Task to carry out >>
Copy out the listing that follows, exactly, without its pictures.

Supplied information >>
◇ ◇ ◇ ◇ ◇ ◇ ◇

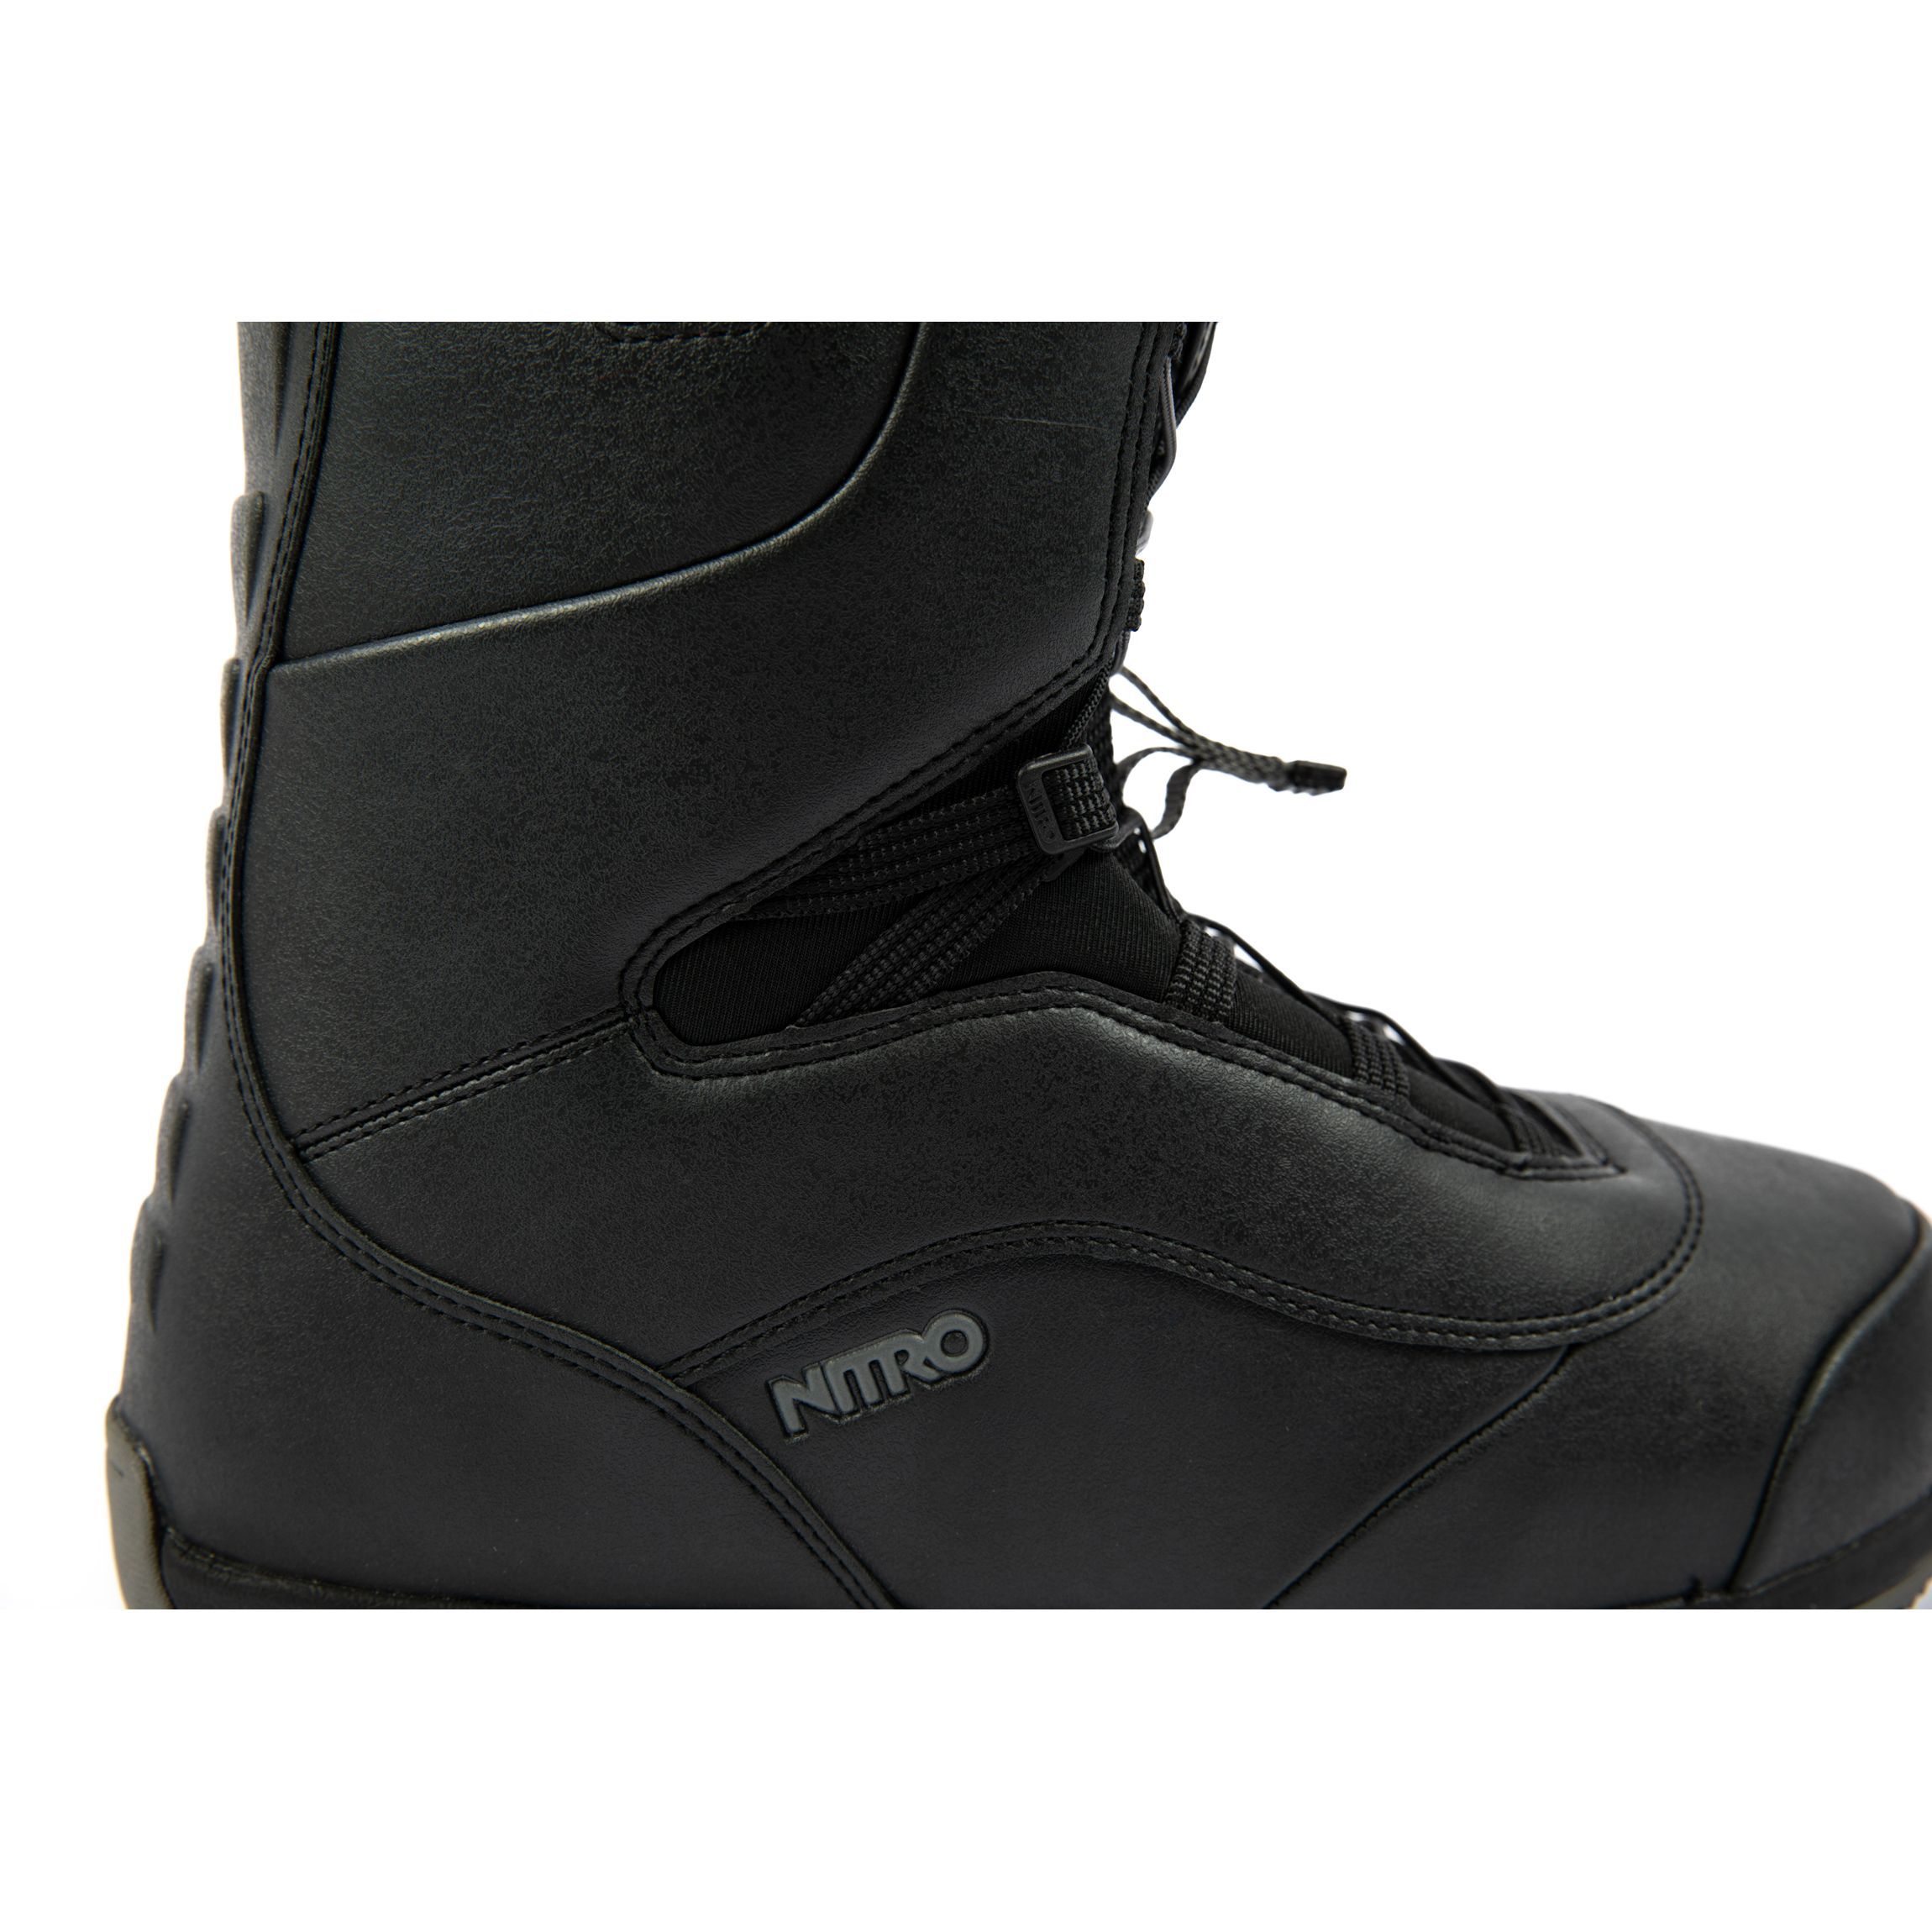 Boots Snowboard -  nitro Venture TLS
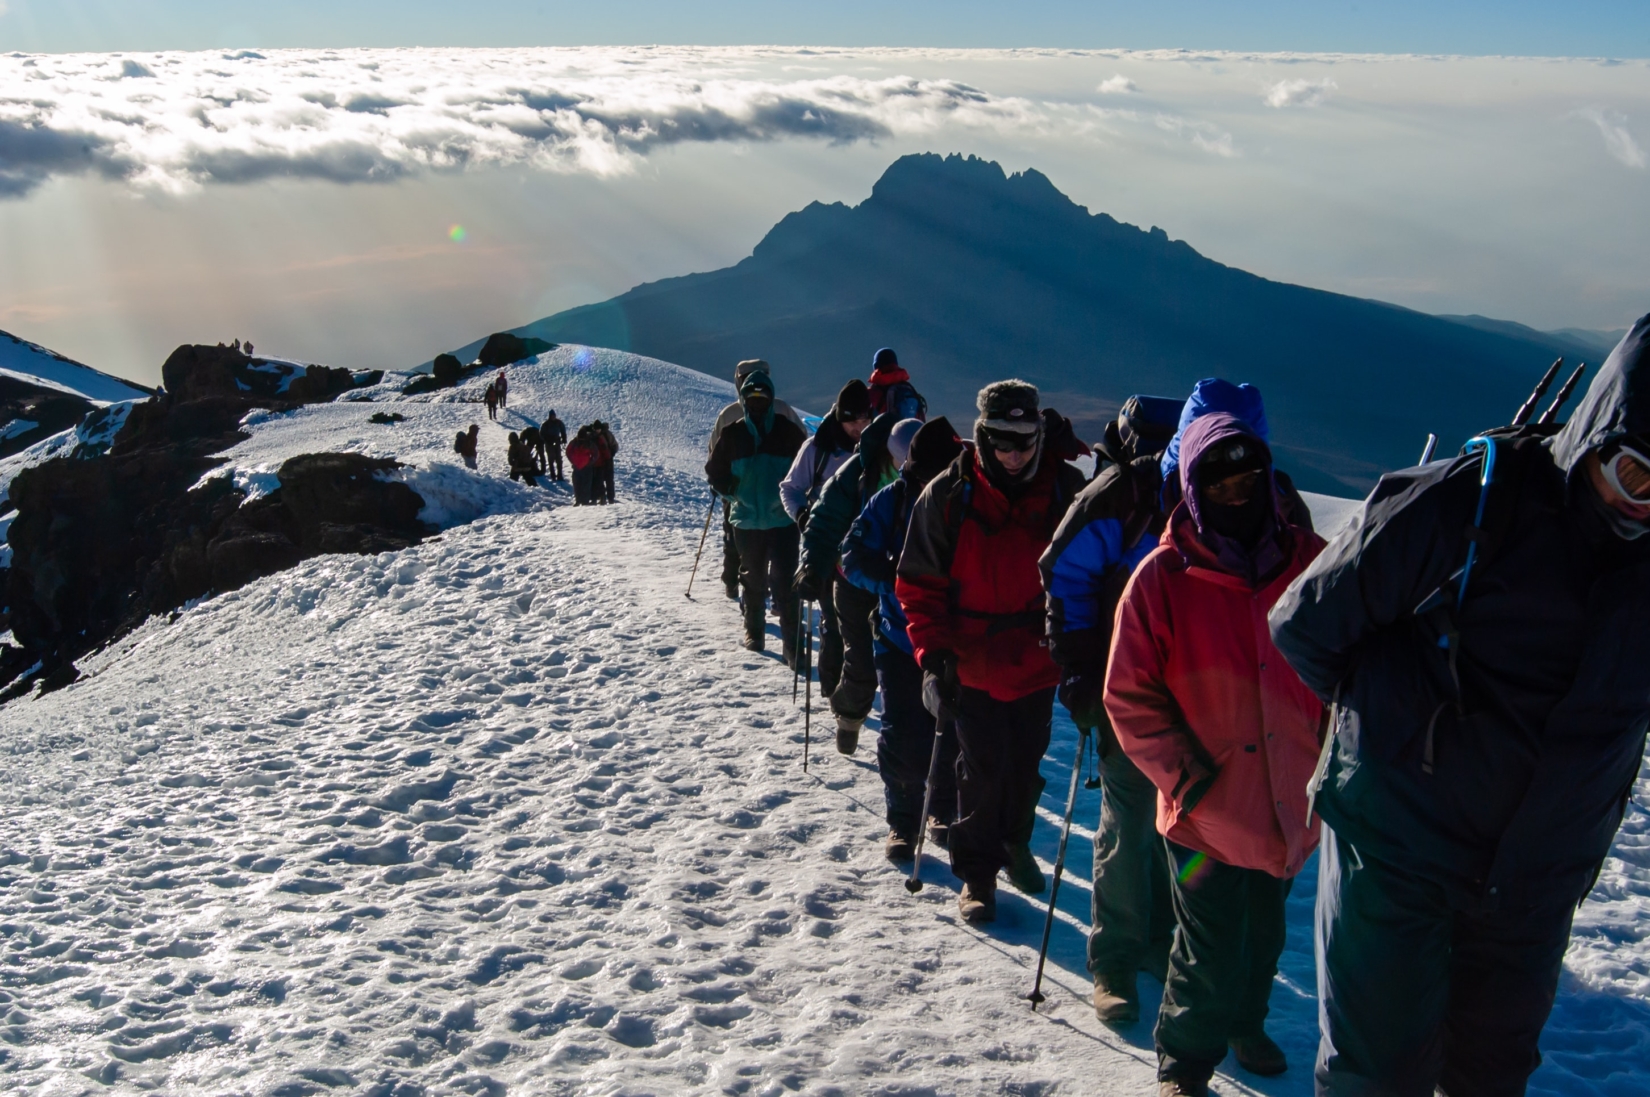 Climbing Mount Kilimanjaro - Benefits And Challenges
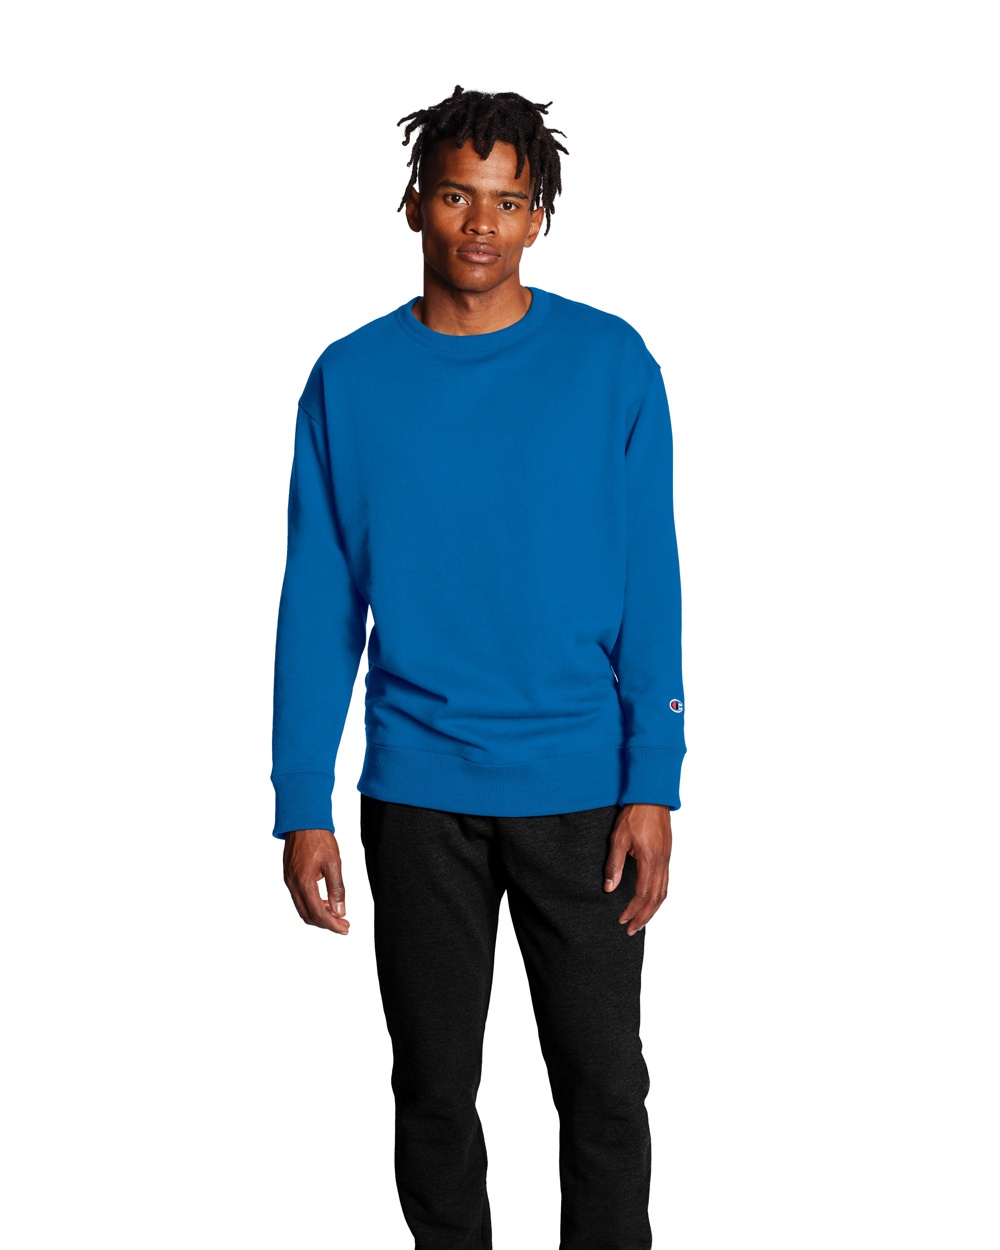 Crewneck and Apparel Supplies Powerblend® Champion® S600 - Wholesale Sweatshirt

◇ ◇ ◇ ◇ ◇ ◇ ◇

Task response >>
 Boots Snowboard -  nitro Venture TLS
 Climbing Mount Kilimanjaro - Benefits And Challenges
 Crewneck and Apparel Supplies Powerblend® Champion® S600 - Wholesale Sweatshirt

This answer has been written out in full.